Well, this is a first. I'm blogging from a classroom during my break. Today is bad. Very bad. I am bone-crushingly tired and I don't know how I'm going to get through the rest of the day. My head is fuzzy and I don't feel entirely mobile - like heavy weights are attached to my limbs, dragging me down.
The reason for the badness is the intense amount of stress I'm currently under. I'm in a reading classroom and the teacher didn't leave me readable notes. She left her plan book (which I'm sure makes perfect sense to her), and a listing of groups of kids on the board. This is a Read 180 class. It helps kids pass the FCAT, our state standardized test, by implementing small group instruction mixed with computer work and independent reading for pleasure. Her periods are all double long, and I'm supposed to spend them shuffling groups of kids around from station to station. I work with the small group while the rest are split between independent reading and technology. After about 25 minutes, we all switch around. I only know this because I have subbed for other Read 180 teachers that left me excellent notes about the process.

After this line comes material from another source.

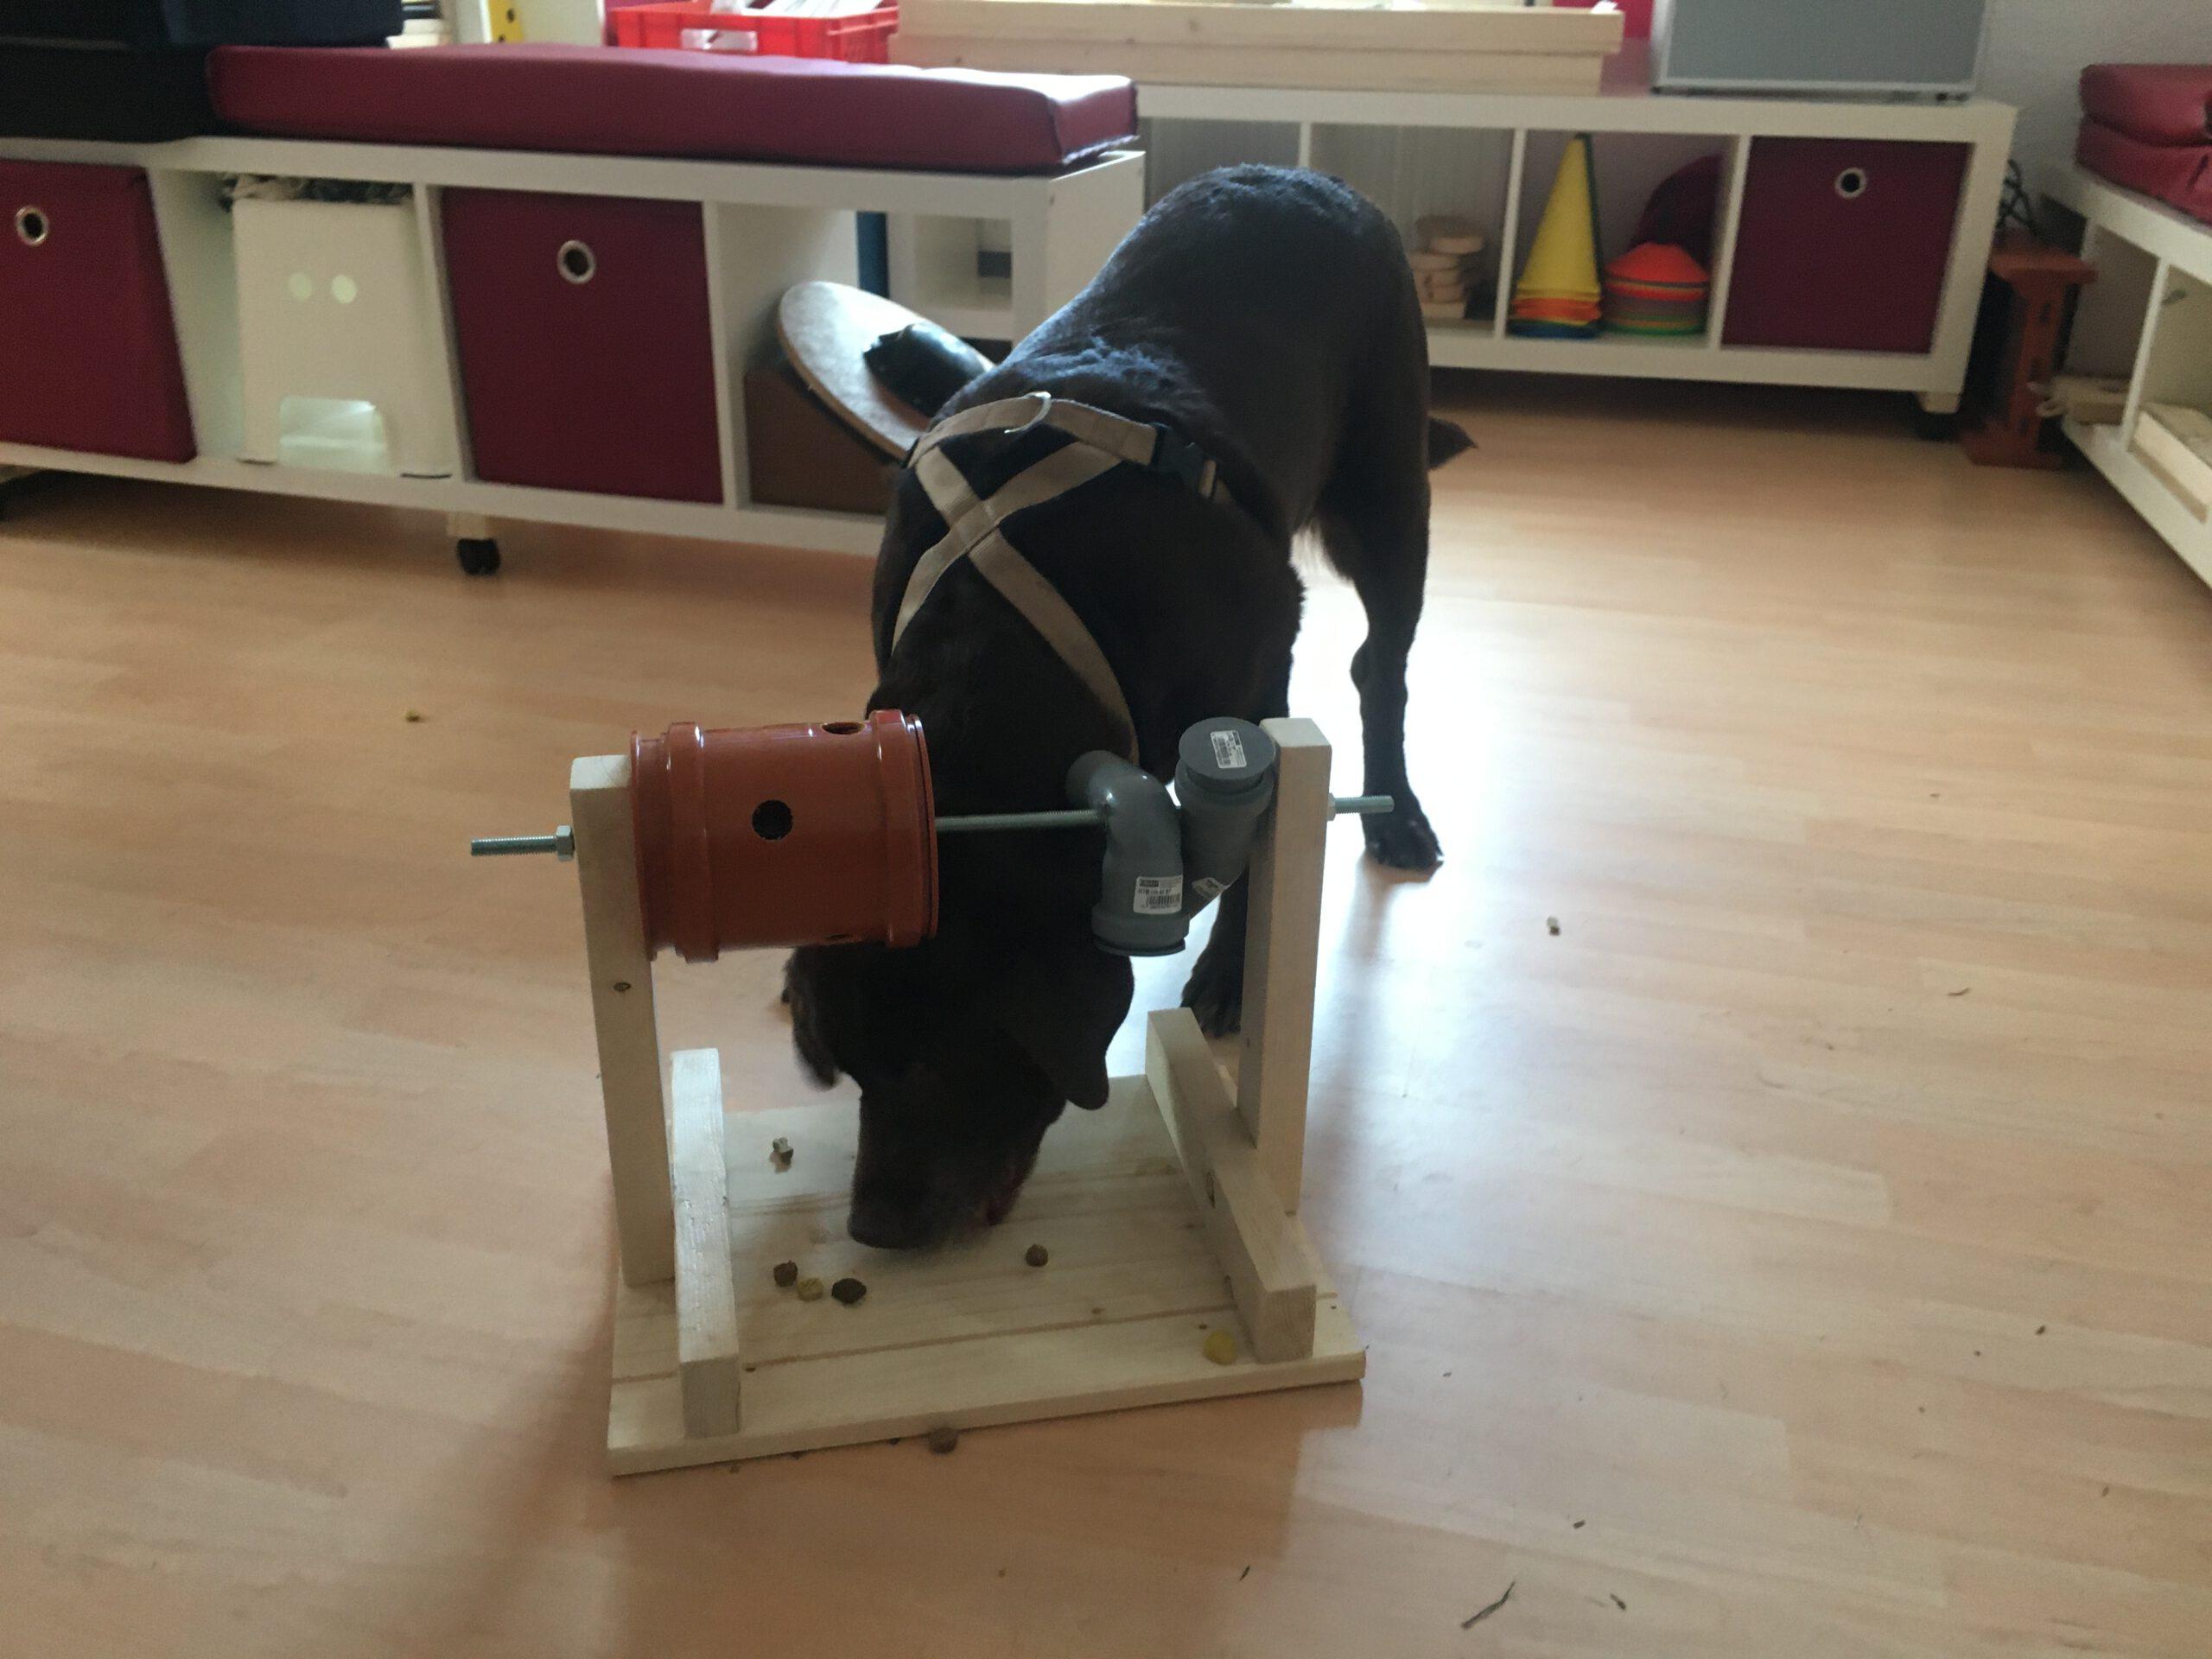 Hund Denkspiel selber bauen Beschäftigung Hundeschule Wilsdruff Zauberhunde 3

This teacher didn't see fit to leave me with any notes at all. Just her coded plan book and lists of groups on the board. No advice about how to best implement the system. No information about where I am supposed to be and how the kids are supposed to act at each station. No freakin attendance sheets. I have had to cobble together the information I needed for today from my previous knowledge of the Read 180 program, various signs posted around the classroom and the kids (who are not a reliable source of information). This lack of help has left me incredibly high strung and stressed out today. I don't know if I'm doing ANYTHING right. Is it too much to ask to be treated like a human being in these schools? Is a thorough note, addressed to me, too much to ask for on a job? This is a complicated set up she's got in this classroom. If I didn't have previous knowledge of this type of class I would be completely lost right now. As it is, I'm barely hanging on. How is this acceptable?
The one good thing about today is that the kids are okay (very needy and immature, but okay) and the class sizes are very small. I have been able to keep control of the kids so far, but my authority is severely weakened by me not knowing their daily procedures. If the kids have to tell me the correct way to do things at every turn, who is really in charge?
I have only taught one of her classes so far. I have two left to go. I don't know how I'm going to make it through the rest of the day. I am intensely beat down from the stress of trying to figure out how to run her classroom. I've done a pretty good job this year of not stressing out over the bad behavior of the kids, but the bad behavior of the teachers is throwing me for a loop.
UPDATE: I'm home now. I made it. It was one of those exhausted, heaving myself across the finish line kind of finishes, but I did it. Now I'm trying to de-stress with some tea and bad TV. Biggest Loser, here I come!